# ID Help on an a 1930s track bike partial Schwinn & Caminagent



## coppertonekid (Jul 22, 2015)

I picked up this track bike at a garage sale and it doesn't have a head badge. The frame looks to have had a ton of welding done to it and I would consider that the worst part of the bike. It has the schwinn handlebars and neck and Caminagent aluminum wheels and a Brooks seat. I believe it might be a Emil Wastyn built bike but would need a more informed opinion. Thanks in advance.


----------



## Andrew Gorman (Jul 22, 2015)

I don't think one of Emils' frames would have blown out like that.  Are the welds brass or steel? The better looking ones almost look like TIG welds?  The open ends on the rear triangle are track-like- maybe it's a track frame that was mis-used, abused and repaired.


----------



## kccomet (Jul 23, 2015)

not sure what your plans are for the bike, but i would be interested in some of the parts. i usually hate to see when someone posts a bike and people start asking about parts and not the bike itself but..... unless its a labor of love i would strip the parts and maybe the fork and look for something silmilar to but them on. i dont think thats a wastyn frame, but it is was a pretty cool vintage track frame.


----------



## T-Mar (Jul 23, 2015)

Agreed, it appears to be a circa 1930s track bicycle based on the angles, non-capped stays and fork rake. Unfortunately, somebody has built up all the lug edges, making it virtually impossible to identify the brand. On top of that, the drive side chain stay appears to be bent and the rear fork ends have been shortened to the point where there is next to no axle slot for adjusting chain tension. On the plus side, the walls of the seat stays and seat tube appear to be quite thin, so it is probably a high end tubeset from the era.


----------



## coppertonekid (Jul 23, 2015)

Thanks for the responses, I think I'll strip off most of the parts and scrap the frame. I was hesitant to scrap it first then find out it was important after the fact.


----------



## coppertonekid (Jul 23, 2015)

A few more pics


----------



## T-Mar (Jul 23, 2015)

FWIW, it is a 1936 Williams chain ring. The crankset, if Williams too, would be a model B100.


----------



## coppertonekid (Jul 23, 2015)

T-Mar said:


> FWIW, it is a 1936 Williams chain ring.




Thank you


----------



## T-Mar (Jul 23, 2015)

Wow! I just realized that the hubs appear to be the very rare, riveted Airlite hubs.


----------



## coppertonekid (Jul 24, 2015)

T-Mar said:


> Wow! I just realized that the hubs appear to be the very rare, riveted Airlite hubs.

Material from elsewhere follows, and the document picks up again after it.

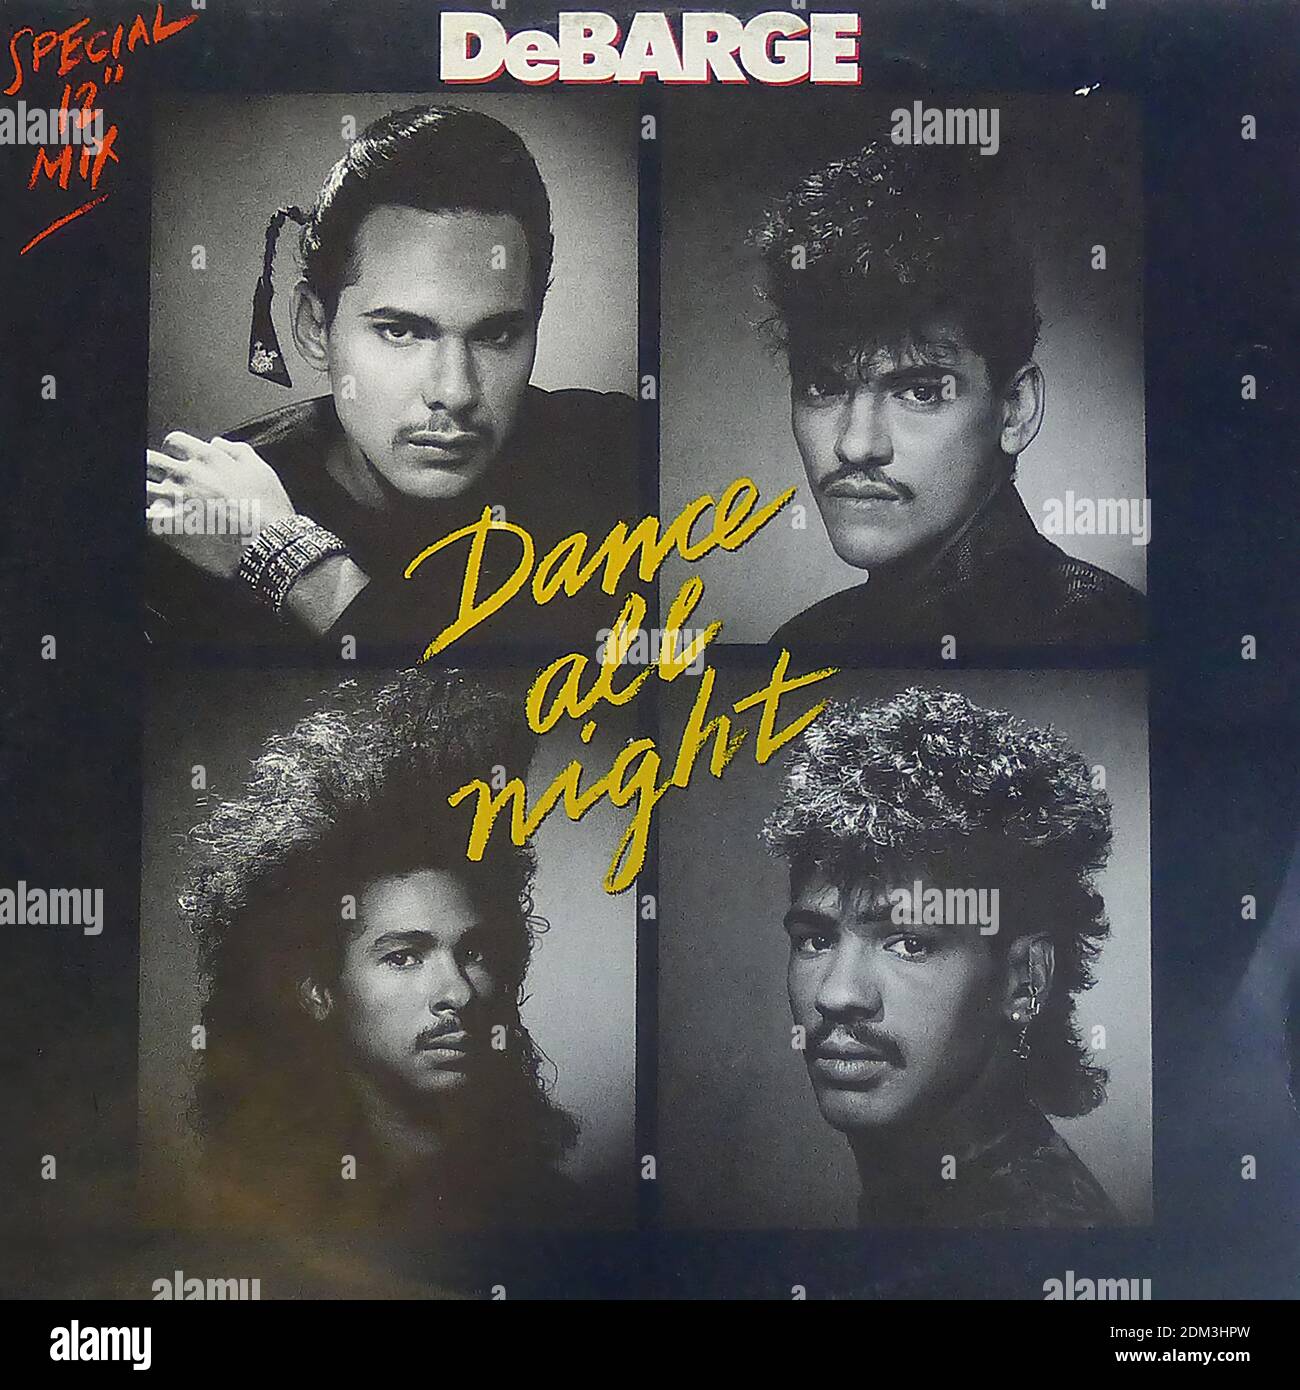 DEBARGE   DANCE ALL NIGHT 12  MAXI VINYL  - Vintage Vinyl Record Cover Stock Photo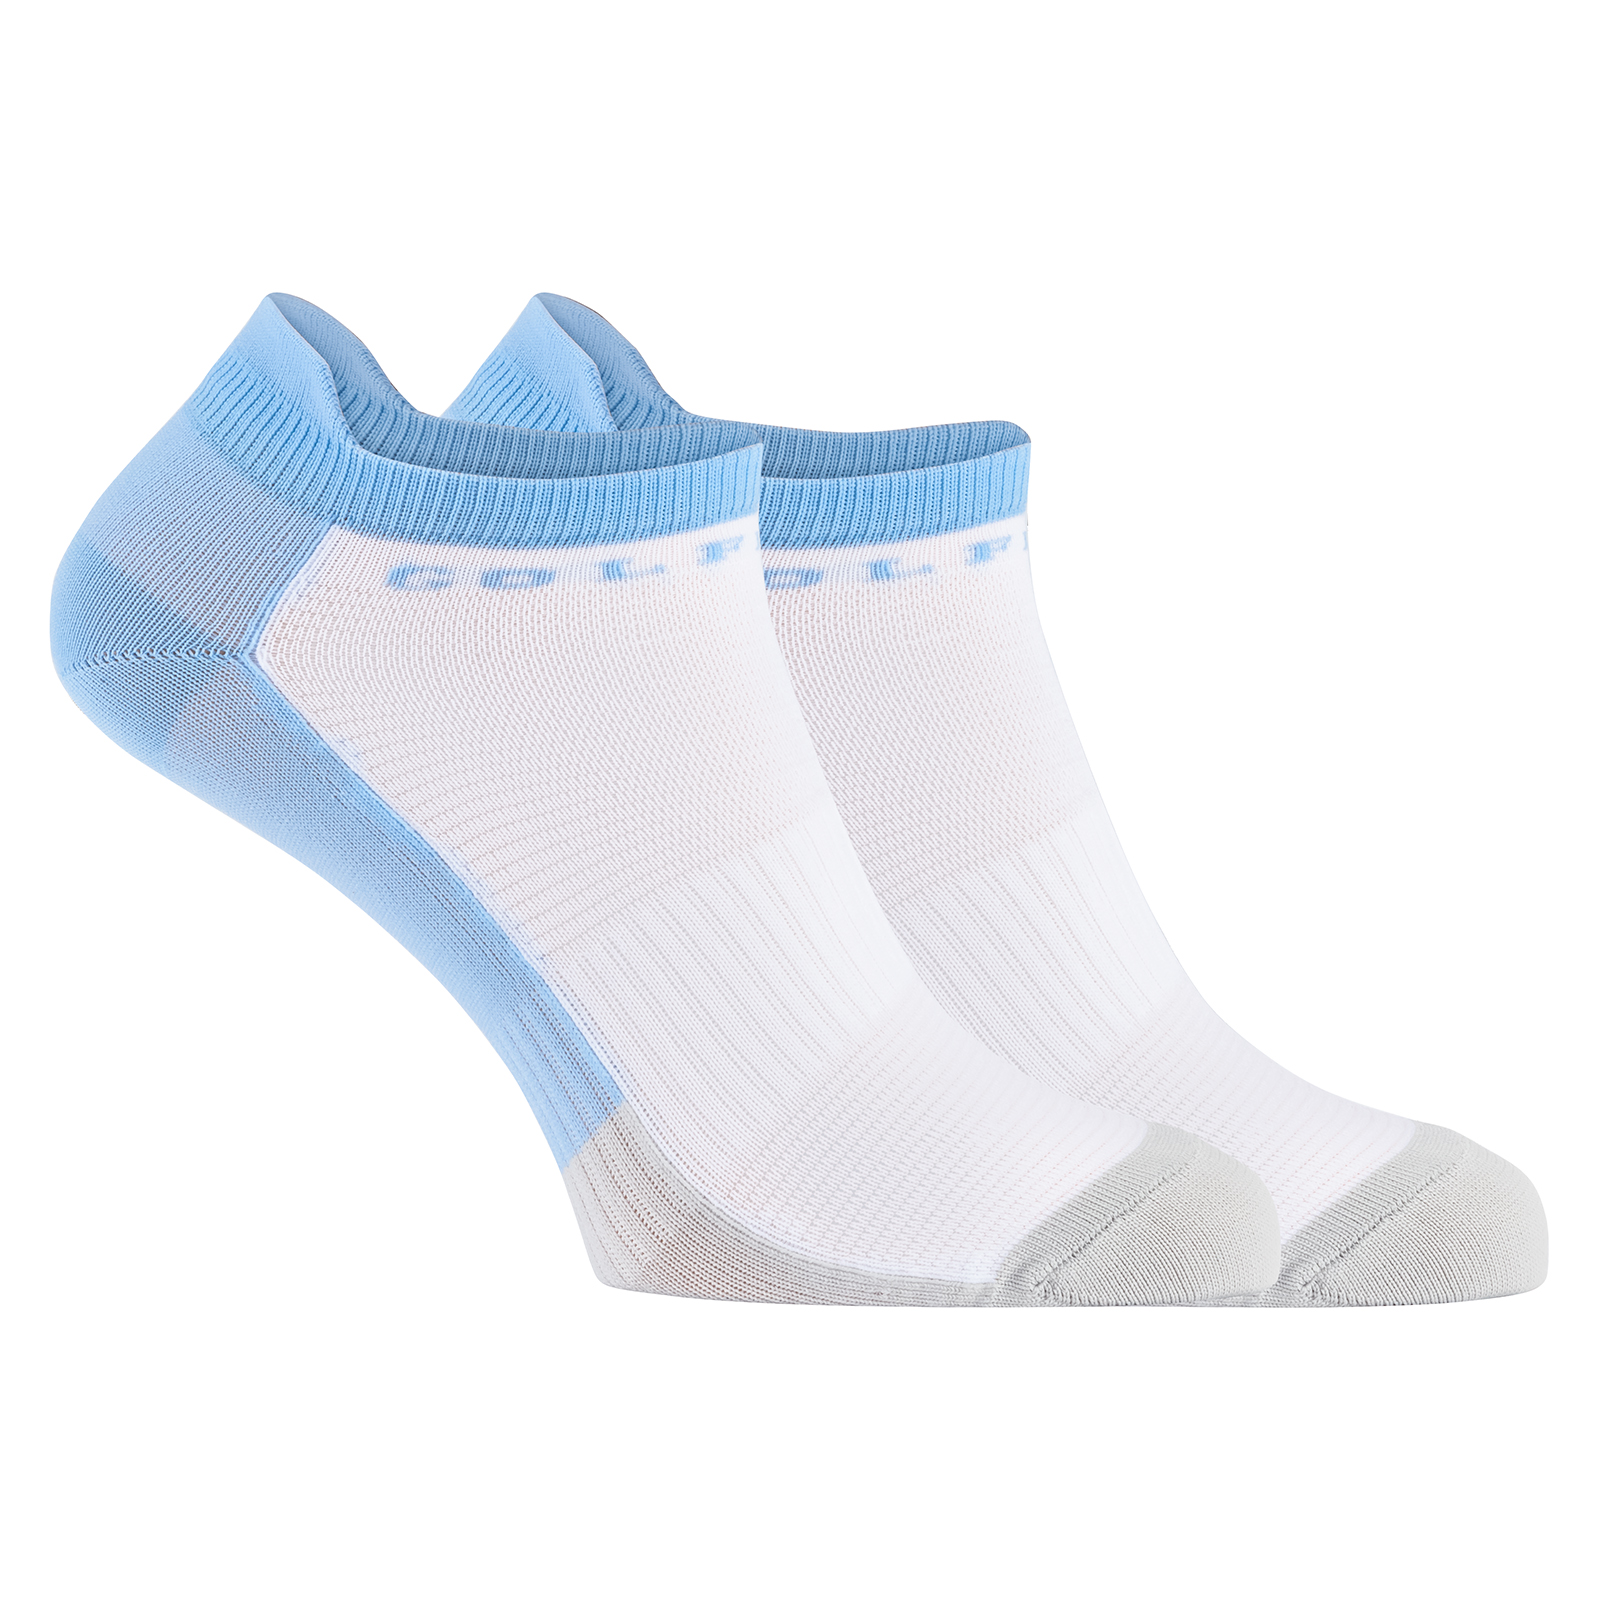 Ladies' dry comfort golf socks

Caminargent wheels with riveted Airlite hubs! That's cool!


----------



## Andrew Gorman (Jul 24, 2015)

I wouldn't scrap the frame- it's been rode hard and put away wet more than a few times, but there is obviously some history and a lot of character  to it.  And it is a legitimate track frame.  Someone would want it either as a wall hangar or just an interesting piece of junk to curate.  With some work it could be made into a lumpy rider.  See who'll bite here or on ebay before it goes to the scrapper.


----------



## GiovanniLiCalsi (Jul 24, 2015)

Once paint is stripped, check to see if its been brazed.
The frame can be restored, if true....


----------



## Duchess (Jul 25, 2015)

It looks like someone welded the tubes to the lugs. Either they don't trust brazing or were really going to put it through its paces! Was this something people did on track bikes with the idea to increase stiffness or strength back in the day or is it just a one-off?


----------



## GiovanniLiCalsi (Jul 25, 2015)

The tubing is too thin to weld. Most likely, it is a very sloppy brazing job....


----------



## Underground Bicycle Shop (Aug 10, 2015)

Nice Union Track pedals!


----------



## Underground Bicycle Shop (Aug 10, 2015)

It would have originally had head lugs like this bicycle. And don't scrap. I will buy anything!


----------